Hybrid-based approaches (HB) (Stefanidis et al. 2014; Neumann and Weikum 2010; Zaniolo 2016) combine previous policies to inspect other space/performance trade-offs. In particular, the hybrid IC/CB approach (Dong-Hyuk et al. 2012; Meinhardt et al. 2015; Stefanidis et al. 2014) follows a CB solution where full version materialization is additionally provided in some intermediate steps; hence, delta propagation is mitigated. In contrast, other practical approaches (Graube et al. 2014; Neumann and Weikum 2010; Vander Sander et al. 2013; Zaniolo 2016) follow a TB/CB approach in which triples can be time-annotated only when they are added or deleted. Although this reduces the space needs (as it manages less annotations), version materialization requires to rebuild the delta similarly to CB.
Future Directions for Research
As a result of standardization efforts by the Semantic Web community, there are many diverse standard “plain” RDF serializations available.
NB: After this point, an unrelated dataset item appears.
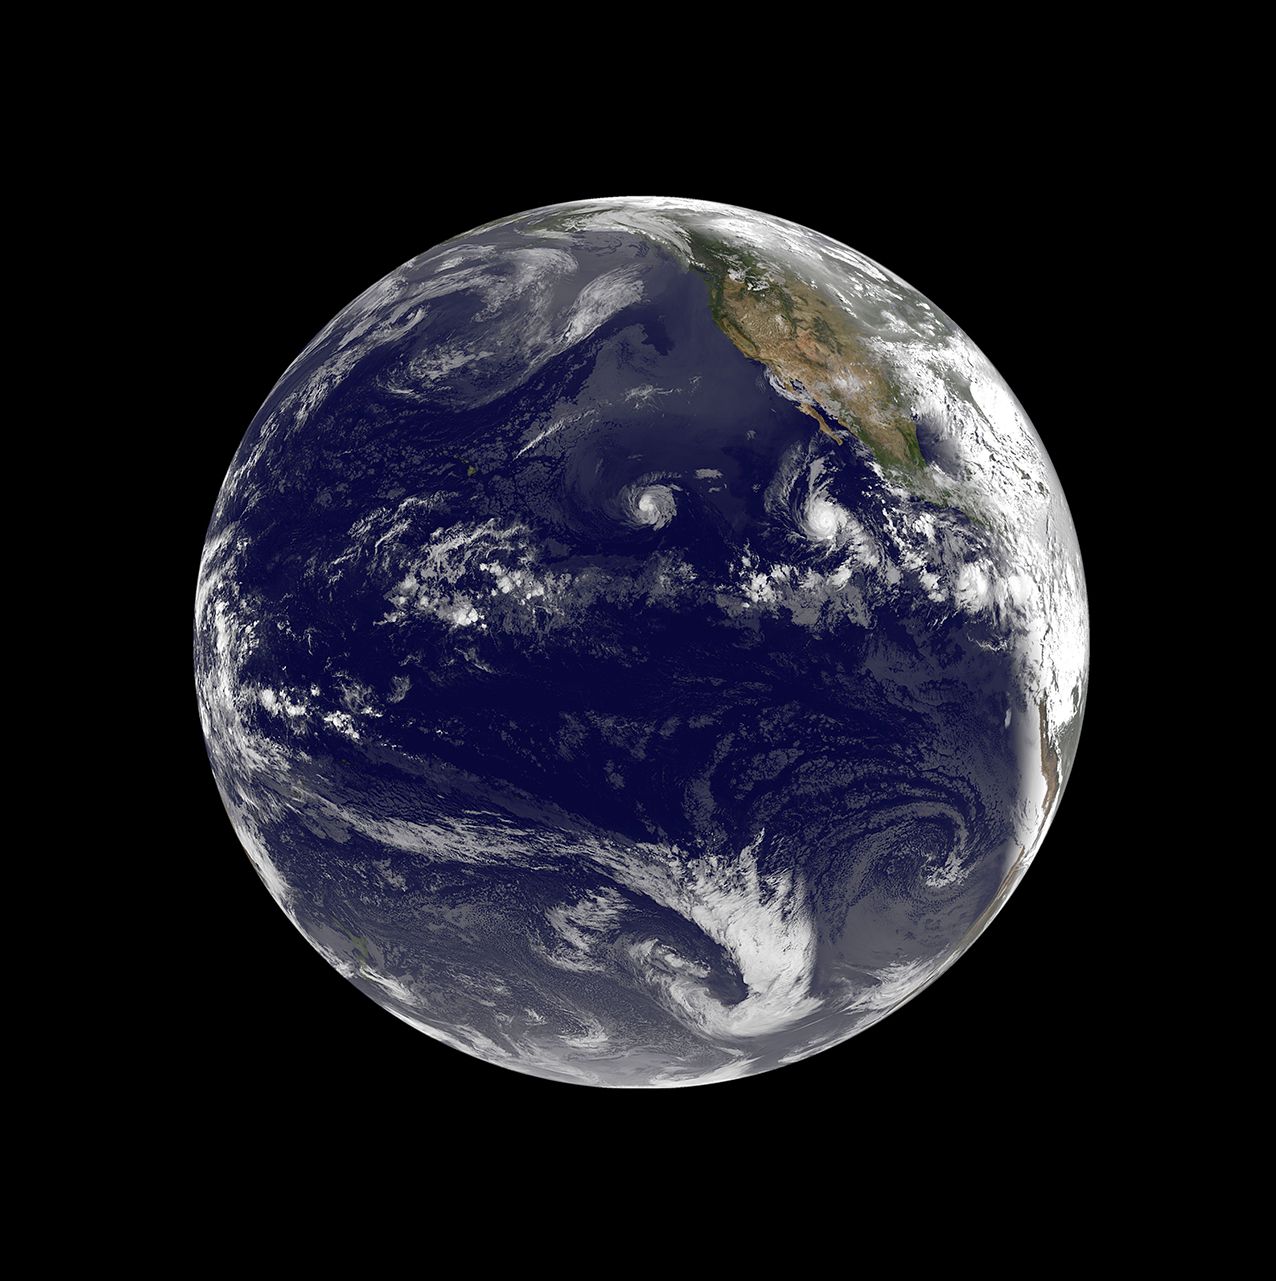 Null 美国国家航空航天局。大尺寸的格式。非凡的地球仪摄影作品，同时展示了对同一天在东太平洋上旋转的三个热带气旋的摄影捕捉。热带风暴 "丹尼尔 "正在接近太平&hellip;

Despite potential future trends that may result in adaptations for RDF (such as JSON-LD, adapted from JSON), most research efforts focus on efficient representation of annotated triples, in particular to model provenance information (Giménez-García et al. 2017; Hartig 2017).
RDF binary formats and compression have also emerged as active research and development fields over the past years. The main reason is that (i) current plain RDF formats are dominated by a human-centric view and suffer from scalability problems at large scale and (ii) general compressed solutions still miss some types of redundancy underlying to RDF data. In this regard, there is still room for hybrid compressors leveraging syntactic and semantic redundancies. Then, RDF self-indexing (i.e., compressed and indexed RDF data) is still a main direction for research, in particular in the unexplored field of RDF streaming.
Finally, the community is just starting to face serious scalability issues for RDF archival. In the absence of a scalable archival approach at Web scale, RDF data change and vanish without further notice nor trace of previous versions. Future directions in this regard include further research on scalable archival methods (potentially distributed) as well as efficient mechanisms to resolve structured cross-time queries.